- Poster
- Directed by: S. M. Sriramulu Naidu
- Written by: Muddu Krishna (dialogues)
- Screenplay by: S. M. Sriramulu Naidu
- Story by: Based on Frank Barrett's novel The Daughter of the Condemned
- Produced by: S. M. Sriramulu Naidu
- Starring: N. T. Rama Rao Savitri
- Cinematography: Sailen Boss
- Edited by: Veelu Swamy
- Music by: S. M. Subbaiah Naidu
- Production company: Pakshiraja Studios
- Release date: 11 August 1960;
- Running time: 168 minutes
- Country: India
- Language: Telugu

= Vimala (film) =

Vimala is a 1960 Indian Telugu-language film produced and directed by S. M. Sriramulu Naidu under Pakshiraja Studios banner. The film stars N. T. Rama Rao and Savitri, with the latter playing the title role of Vimala. The music is composed by S. M. Subbaiah Naidu. The story is an adaptation of Karunkuyil Kunrathu Kolai by T. S. D. Sami.But it is loosely based on The English novel 'The Daughter of the Condemned' by Frank Barrett. The film's Tamil version Maragatham starring Sivaji Ganesan and Padmini produced under the same banner was released a year earlier.

== Plot ==
During the time of British Empire, Prince Vijaya Kumar was under a tour and clutched by dacoit Ugra Simha. A plucky Vimala protects and shelters him when the two fall in love. However, Vimala's father, Anantayya, opposes it when Vijay backs. Here, Vimala seeks the cause behind it, and he spins rearward. Indeed, Anantayya is the sibling of Anathagiri's ruler, Rajeswara Prasad, and foes incriminate him under the allegation of the homicide of his brother. He breaks the bars and flees with Vimala and her mother, Rajyalakshmi, who still lives in the motherland. Following, Vimala gets into conflict with Ugra Simha, which makes father & daughter detach and reach Ananthagiri. An eccentric Appalaraya Bahadu, a puppet for sidekick Venkatappa and a Butler, rules the kingdom. Unbeknownst to Vimala, she is acquainted with her mother, Rajyalakshmi, and joins as a maid. Plus, she is surprised to view Vijay as her maternal uncle, and he is also delighted to know her identity. Now, they determined to prove Rajeswara Prasad's non-guilty. So, Vijay, in disguise, joins as a cook named Gopalam to break out the murder mystery, mingling Rajeswara Prasad & Vimala. At last, the real culprits, Appalaraya Bahadur, Venkatappa, and the Butler, are caught and found guilty of their criminal offense. Finally, the movie ends on a happy note with the reunion of the family and the marriage of Vijay & Vimala.

== Cast ==

- Savitri as Vimala / Lalitha Kumari
- N. T. Rama Rao as Vijay Kumar / Gopalam
- Gummadi as Rajeswara Prasad / Anathaiah
- Rajanala as Ugra Simha
- Relangi as Butler
- Ramana Reddy as Venkatappaiah
- K. V. S. Sarma as Appalaraya Bahadoor
- Malladi as Chidananda Swamy
- Vengalli as Viswam
- M. S. Rao as C.I.D. Inspector
- Seshagiri as Berri Shetty
- Suryakantham as Manikyamba
- Rushyendramani as Anjana Devi
- Sandhya as Rajyalakshmi Devi
- Saraswathi as Chandrika
- Balakumari as Chamanti
- Sujatha as Gowri

== Soundtrack ==
Music composed by S. M. Subbaiah Naidu. Lyrics were written by Muddu Krishna.

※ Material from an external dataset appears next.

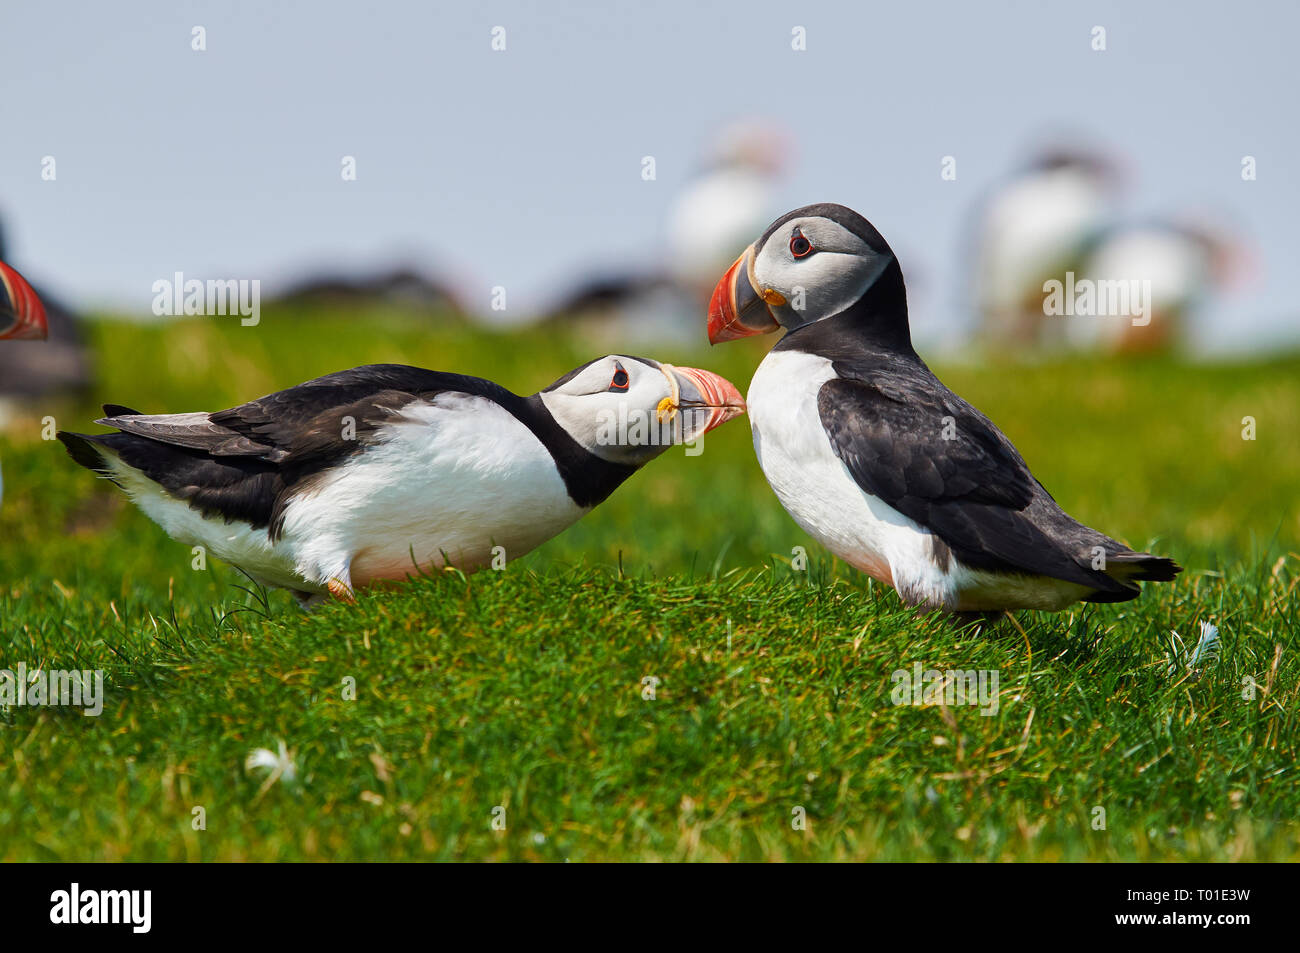 Atlantic puffin, Common puffin (Fratercula arctica), two common puffins looking at each other, Mykines Faroe Islands Stock Photo

| Song title | Singers | Length |
|---|---|---|
| "Kannula veluge" | Ghantasala, Radha Jayalakshmi | 6:29 |
| "Neeli Vennela" | Radha Jayalakshmi | 4:07 |
| "Kannullo Nee Bomma Choodu" | Ghantasala, Radha Jayalakshmi | 3:14 |
| "Chinni Latavole" | K. Jamuna Rani, A. P. Komala | 2:52 |
| "Erra Erranidana" | Madhavapeddi Satyam, A. P. Komala | 2:38 |
| "Kaavaave Amma" | Radha Jayalakshmi | 3:06 |
| "Takkari Daana" | Pithapuram, K. Jamuna Rani | 3:41 |

== Reception ==
The Indian Express wrote, "The director has made capital use of Savithri in the first half of the picture to keep the spell of glamour aglow and the last stages are prolonged by a series of comic diversions".